At the Death House Door Review
By David Kempler
Killing the Truth
Oscar has short-listed the nominations for Best Documentary Feature for 2008 and "At the Death House Door" is one of the nominees. It is co-directed by Peter Gilbert and Steve James, who also collaboratively brought us the much celebrated "Hoop Dreams".
This time they have combined their talents to bring us the story of Pastor Caroll Pickett, a man who served for 15 years as the death house chaplain to the infamous "Walls" prison unit in Huntsville, Texas. During this time, he presided over 95 executions, including the world's first lethal injection. For 6 or so hours before each execution he would spend time with these people who were about to be killed and just spoke with and listened to them. For some reason, after each execution, Pickett recorded an audiotape account of his trip to the death chamber and stored these tapes without telling a soul, including his wife and children.
After initially appearing to be just a series of recollections from Pastor Pickett, the film veers off into the very specific story of one of the men he led to his execution, Carlos De Luna. Mr. De Luna, was convicted of murdering a clerk in a store and sentenced to death. Two reporters from a Chicago newspaper investigated the circumstances surrounding the De Luna case and have quite effectively proven that his conviction and execution were wrongful. Pastor Pickett always believed him innocent, or at least that is what he now claims. In any case it has turned him from his strong belief in the death penalty to a crusader against the death penalty.
Along the way we learn that the prosecution in the original case committed a crime because they lied about the evidence and about knowing who might really be the killer. Yet, "At the Death House Door" completely ignores this part of the story, a crime unto itself that undermines the entire production.
After I attended a screening, the floor was thrown open for questions for the filmmaker, Steve James.

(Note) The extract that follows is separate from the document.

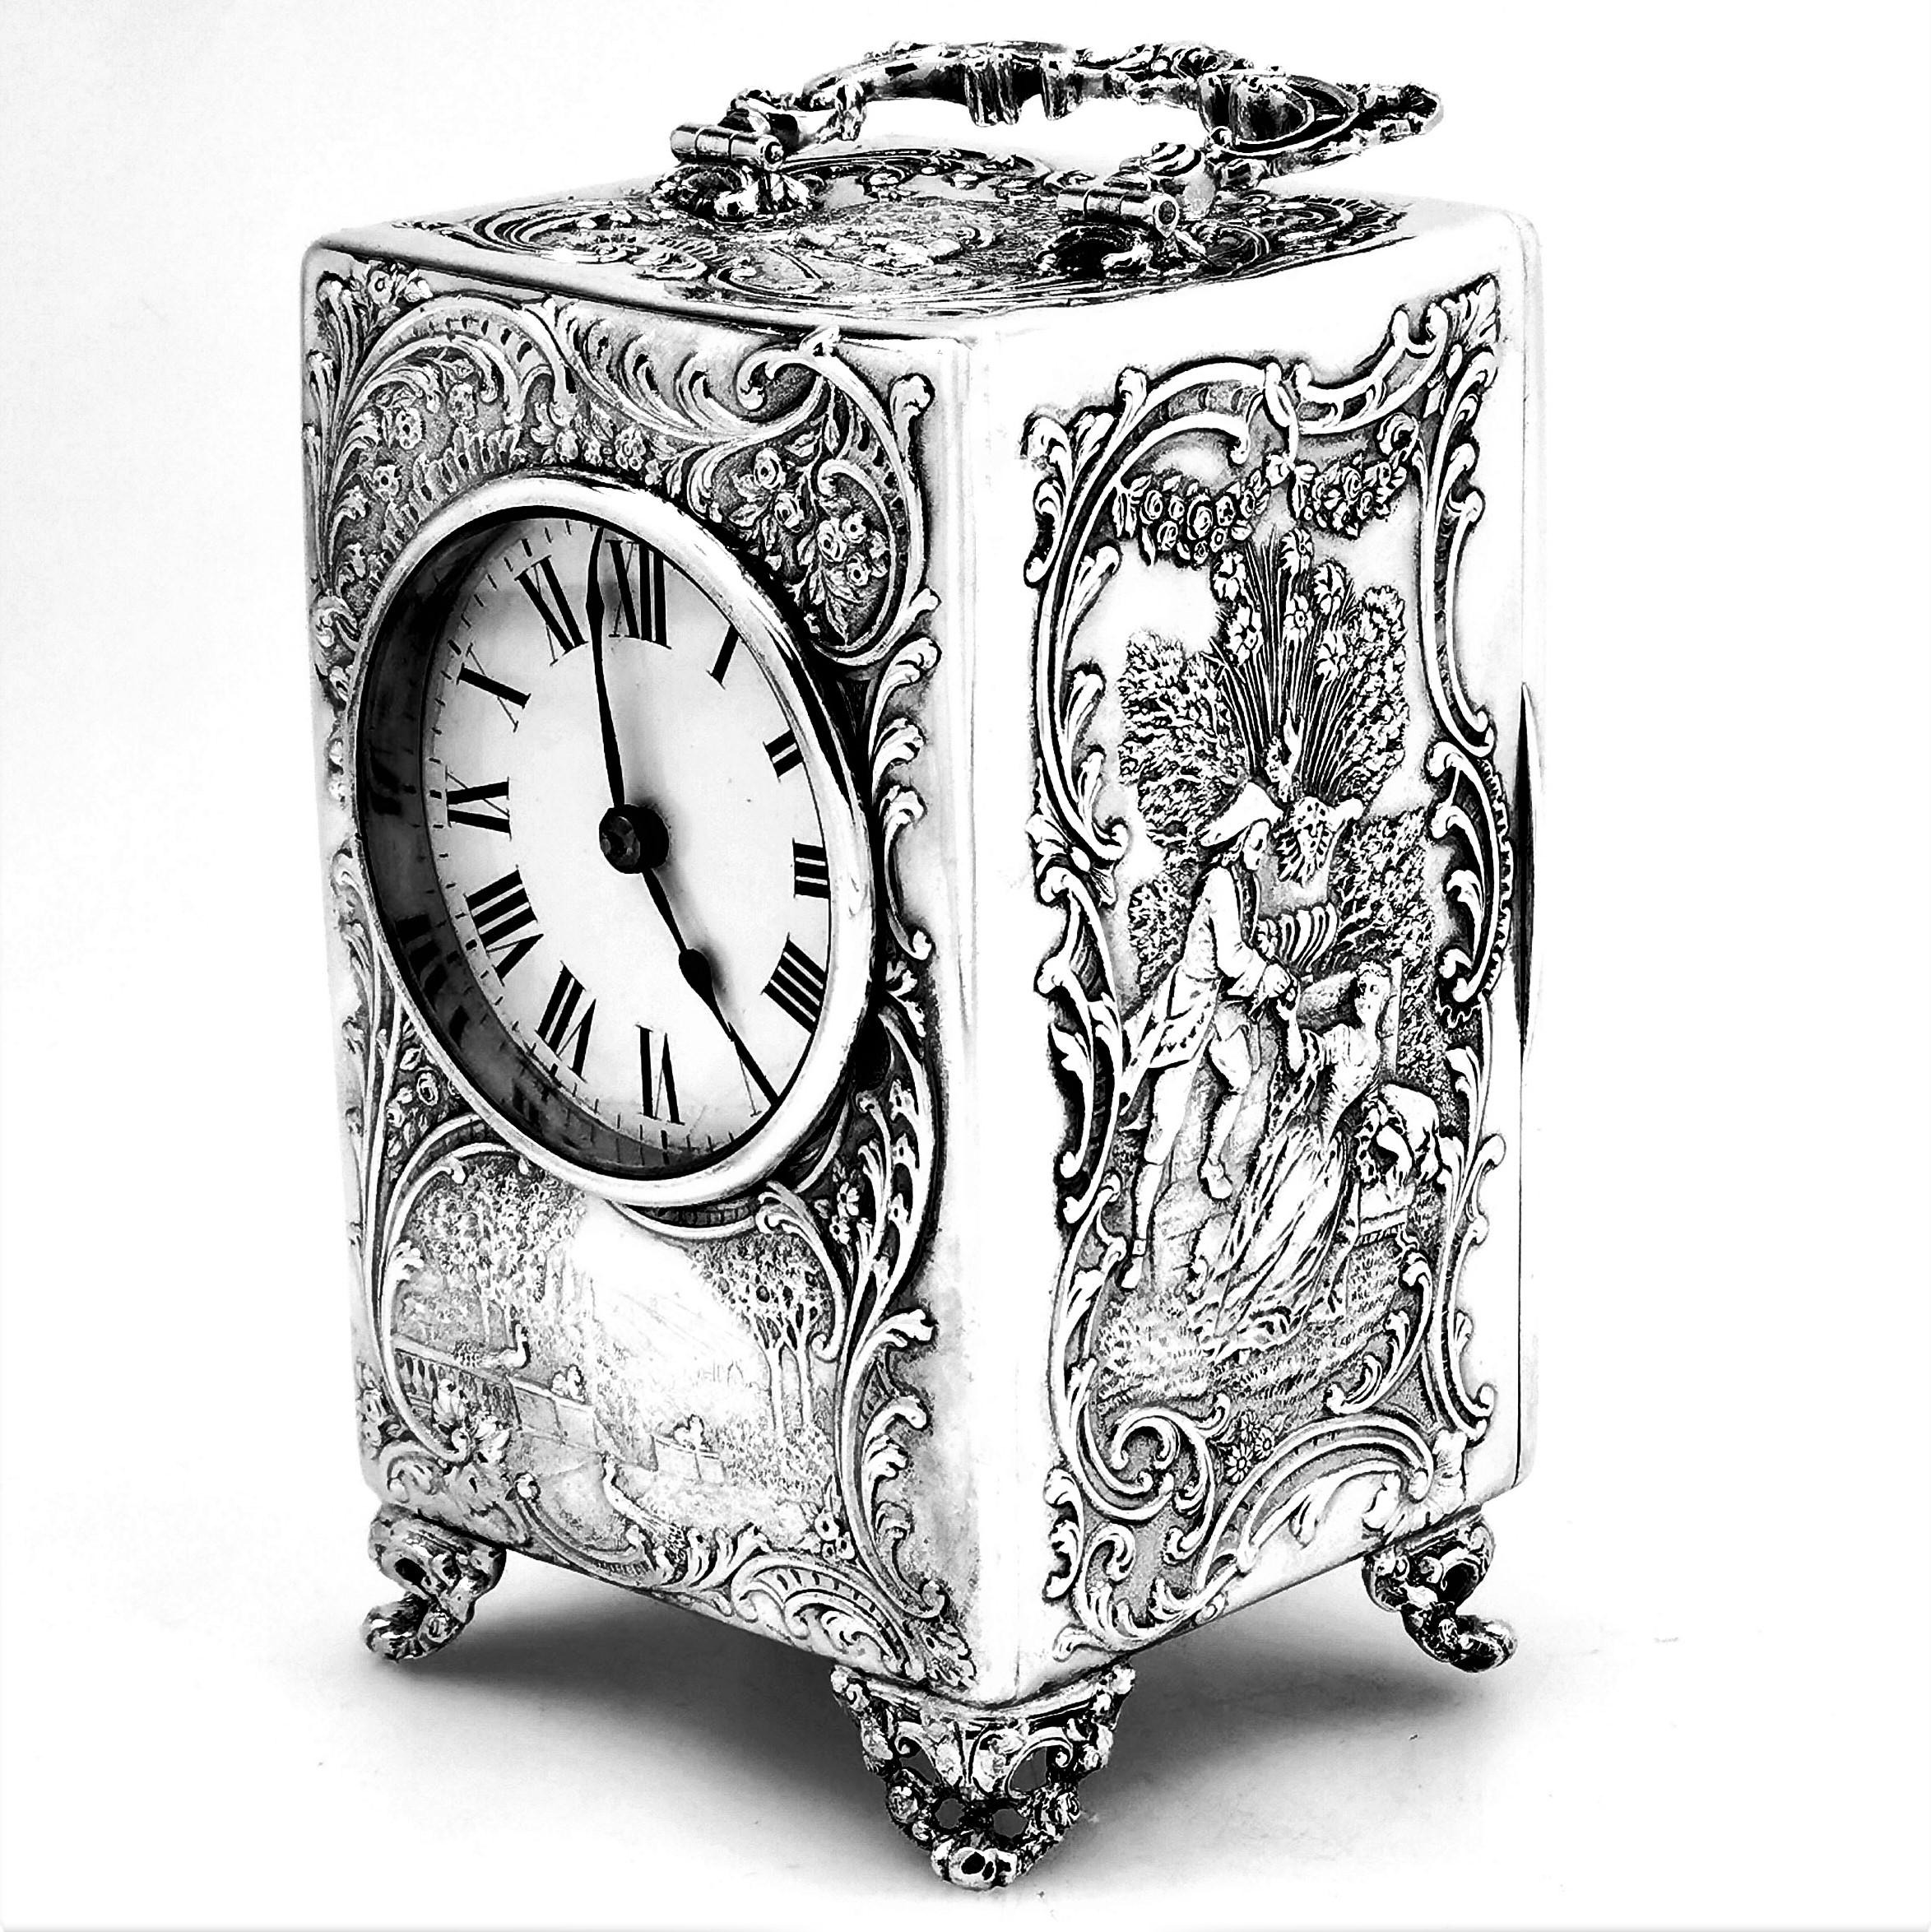 Eine hübsche antike viktorianische Kutschenuhr aus massivem Silber. Diese viktorianische Uhr hat einen elegant ziselierten Korpus, der auf allen vier Seiten und auf der Oberseite zeitgenössische Szenen mit Figuren in einer ländlichen Umgebung zeigt.

Oddly, I had the only question and I wanted to know why no mention of prosecutorial criminality was addressed in the film after it was mentioned in a one sentence statement in the middle of the production. His answer was a non-answer so I asked him again in private afterwards. He told me that he could not address the issue because the film was made with the assistance of the prosecution and this handcuffed him.
I suppose that rather than lose his film he felt the need to compromise the subject. His answer left me a little less respectful of the documentary process but I suppose that it is sometimes better to not know what is going on in the background. It's a decent film but it could have been more if only it was a little gutsier.